Often, this starts out with an acclimation diet that should
be very high in lipids (some out there are as high as 22% lipids. This
is used for the first couple of weeks after transfer from hatchery to
destress the animals and acclimate them to the pond environment.
Technically, this should be done in an acclimation raceway before general
release into the ponds. Once in the ponds, use a locally produced diet
with around 8-10% fat content, and 35% protein if vannamei or 40%+ if
monodon. Monitor your phytoplankton levels.
2) Such designated ponds probably should have stand-by aeration.
3) At around 25-28 grams (vannamei), selected animals should be separated
and move to broodstock tanks which are not of earthen bottoms (tanks).
Technically, this would be a good time to close or semi close the system,
since for most farm operations, closing the pond system is not practical.
4) Once in the broodstock tanks, you can apply the assortment of frozen or
fresh diets to AUGMENT some basic dry or moist diet or those which might be
formulated specifically for conditioning or maturation. These formulated
diets should be used as the vehicle for
stabilizing the HUFA input to your animals. Generally, if you get a
high protein diet (circa 40%) that has a 8-9% fat level, but which has been
over-sprayed with squid or anchovy oil (total content of internal and
overcoat is then anywhere from 10-12%), this would be
ideal for the broodstock tanks. We know many hatcheries which do the
application of the overcoat oils on site.
5) When you want to condition the animals for spawning, it is important that
the DHA levels are increased. This is harder to do using fresh or
natural diets especially if you are of tropical or sub-tropical origin (the
natural or fresh diet source that is). Here, you can seek out a
supplemental diet or one made specially for maturation. The lipid
levels on some of these are approaching (total) +14%, but the DHA
content should be +10% of total fatty acids. This will generally accelerate
the egg production.
We get these levels by adding heterotrophic algaes (that are specifically
cultured for DHA), into our maturation moist diet. You can contact us
offline for more information. Most of the large hatcheries in Brazil
are using this maturation diet.
Leland Lai
Aquafauna Bio-Marine, Inc.
lelandlai@aquafauna.com
***************
comments 8:
Do you only use the frozen sardines when growing the
broodstock to production size, or do you also use the sardines during
maturation/reproduction?
e-mail:
toddblacher1@yahoo.com
***************
Comments 9:
No we only use these for the broodstock, maturation
diets are standard
fare of squid, good quality polychaetes , locally sourced bivalves and
broodstock dry diet.
Chris Denmark
e-mail:
cdenmark@seafarmsgroup.com
***************
comments 10:
My personal apreciation of the many maturation
hatcheries I visit is that things may depend on the potential of the shrimp
and its capacity to ingest feed.
I will agree that quality of feed is important and in this comment I will
assume that the nutritional quality is not a limiting factor (theorical of
course).
Then it is my appreciation that the quantity of feed a shrimp be able to
ingest may drive the quantity of eggs spawned. Feed characteristics such as
palatability, digestibility and water quality will increase or decrease the
quantity of eggs the female may built in the short time she has between two
spawns.
If we remember an ablated female has an uncontrolled and accelerated
maturation process, we can apreciate speed / time is an issue and the
quantity of feed ingested in the 3-4 interim days is important.

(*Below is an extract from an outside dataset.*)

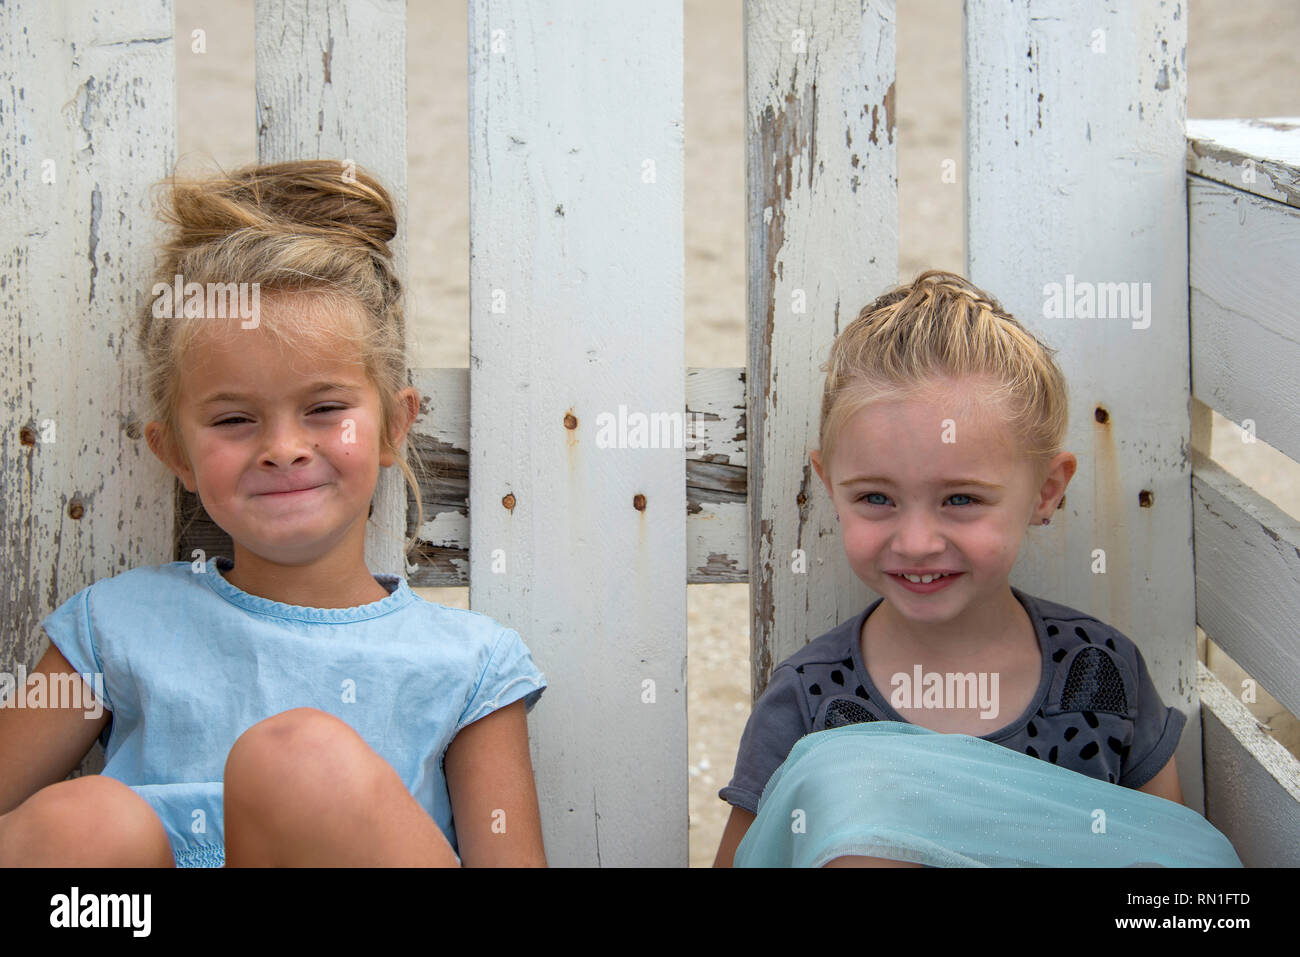 Rockanje,Holland,29-aug-2015:twol lttle girls sitting on a chair maid from pallets and looking and smile to the camera Stock Photo

Water quality is an issue as many fresh feed spoil the water; in
consequence; this reduce the feeding activity of shrimps... thus reducing
their global intake as well as any other stressing factors.
As a general form live feeds will hold better in water and not spoil it
immediately; but if you have a good frozen feed that is eaten in a matter of
minutes; there is no issue.
I have no experience to compare live bloodworm but I do not believe it makes
a significant difference with undamaged live-frozen polychaetes.

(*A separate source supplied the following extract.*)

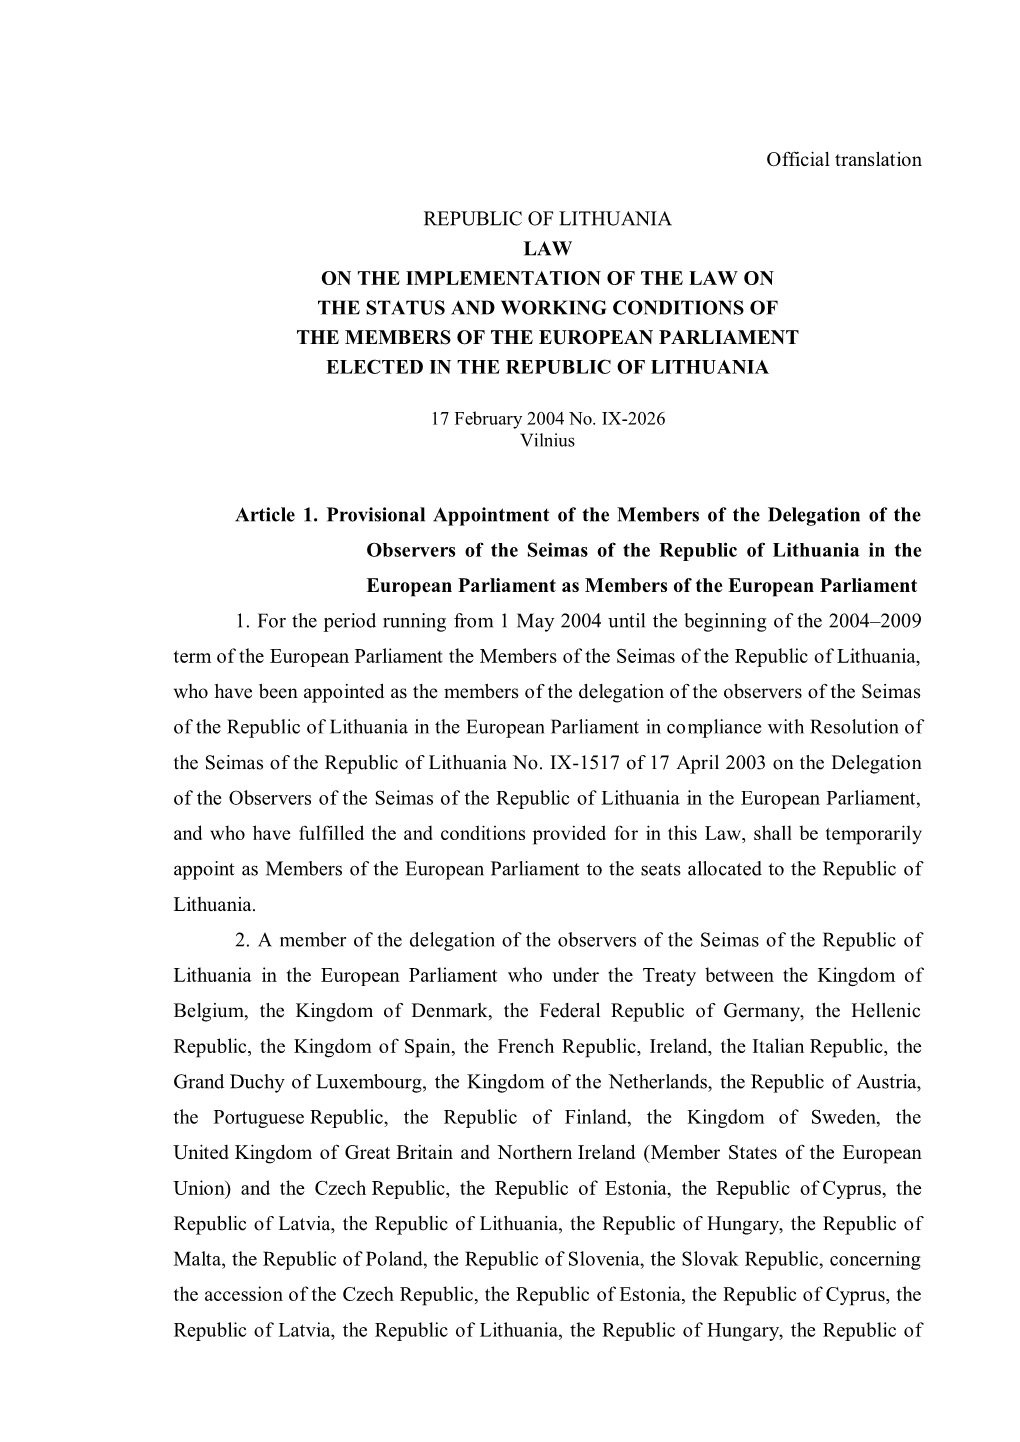 Official Translation REPUBLIC of LITHUANIA LAW on THE

Leland's description of HUFA and I will add lipids variation through the
seasons is correct and well documented. Natural wild polychaetes will vary
very much according to seasons as well as locations within the same species.
Lipids / Hufa are not the only thing that changes in polychaetes with time.
HUFA and total energy is certainly an essential factor for successful
maturation but we believe there are other molecules which may not be
strictly nutritional such as pigment, hormones or precursors present too.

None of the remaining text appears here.